Copy out every line of the data exactly; do not include the images.

• **Available data**
○ ○ ○ ○ ○ ○ ○

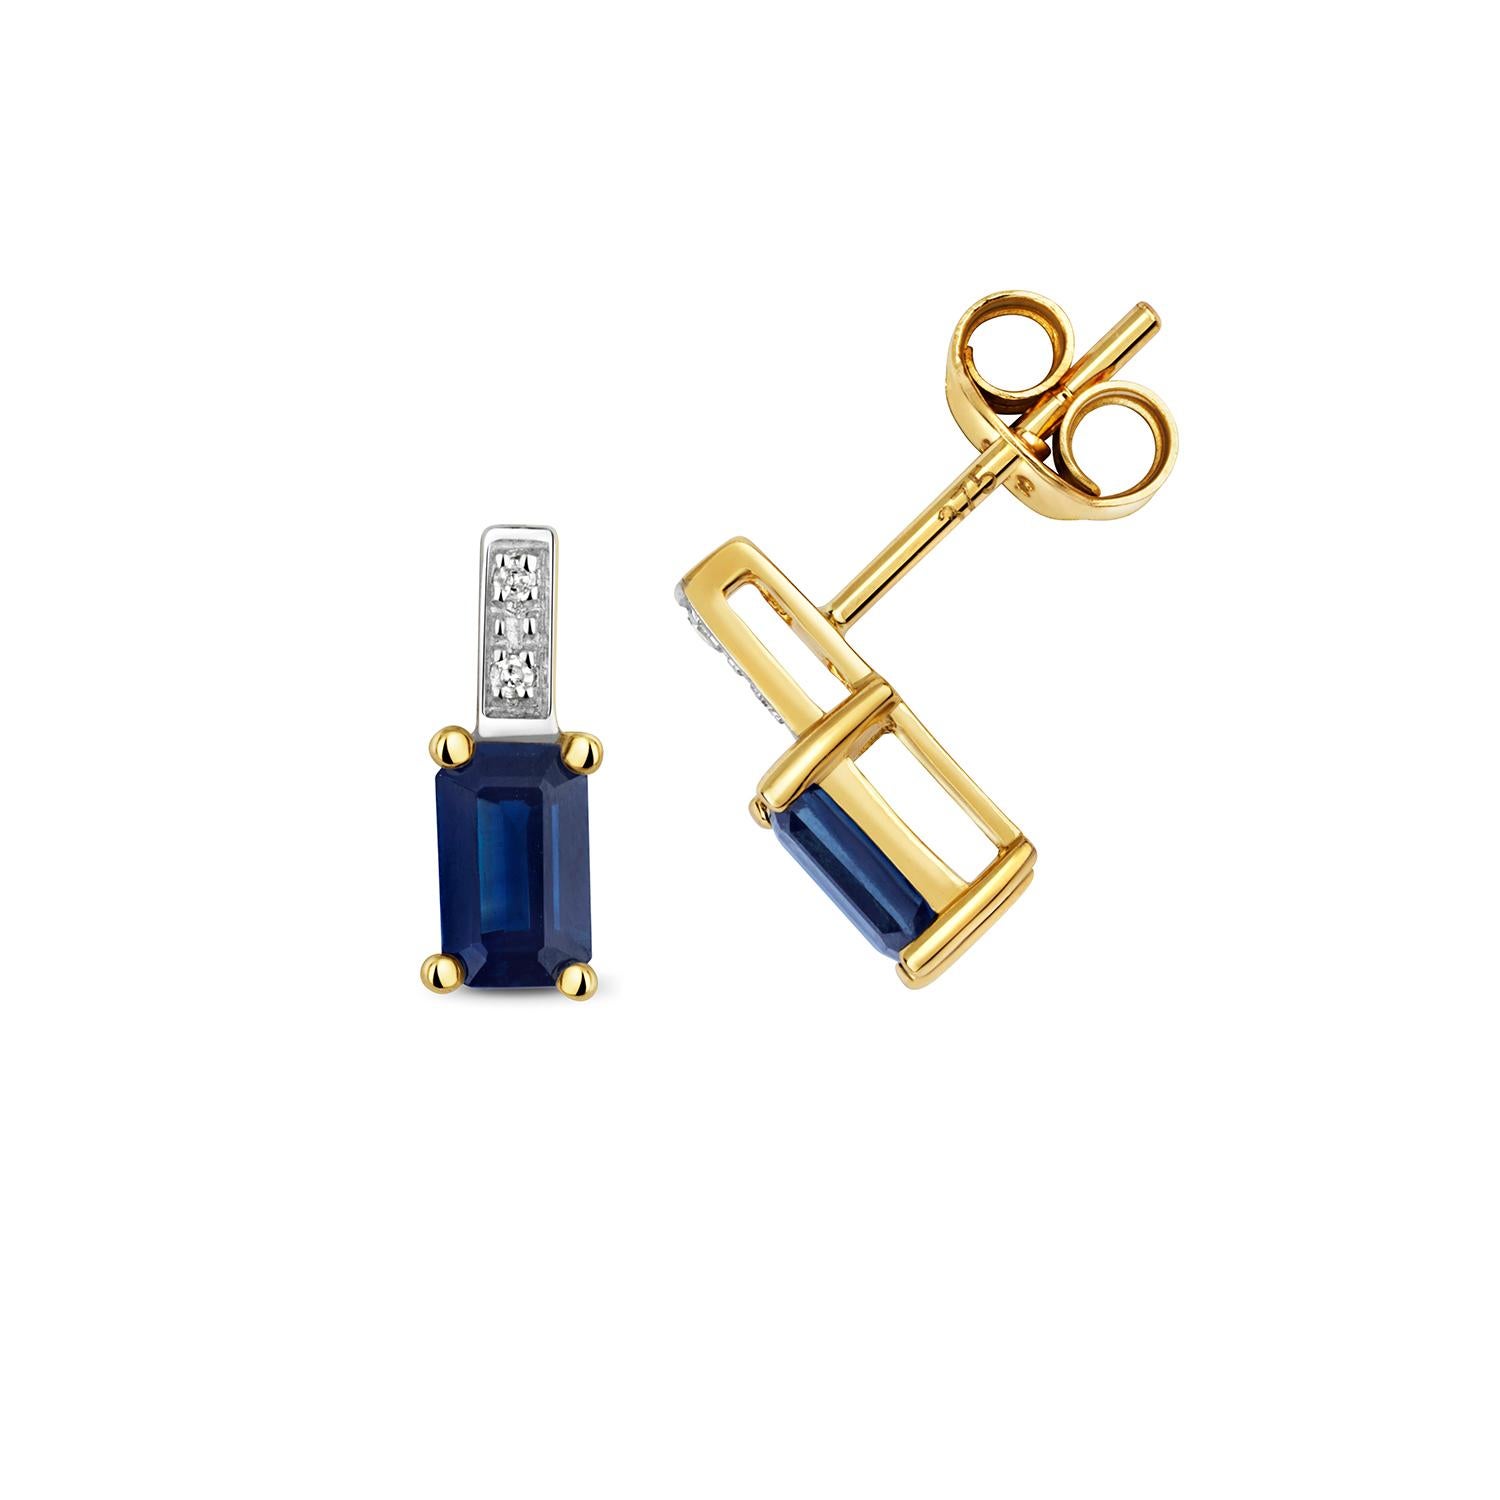 DIAMOND AND SAPPHIRE EARRINGS

9CT W/G SC/0.01 SAP/0.60CT

Weight: 0.82g

○ ○ ○ ○ ○ ○ ○

• **Answer to the problem**
 DIAMOND AND SAPPHIRE EARRINGS

9CT W/G SC/0.01 SAP/0.60CT

Weight: 0.82g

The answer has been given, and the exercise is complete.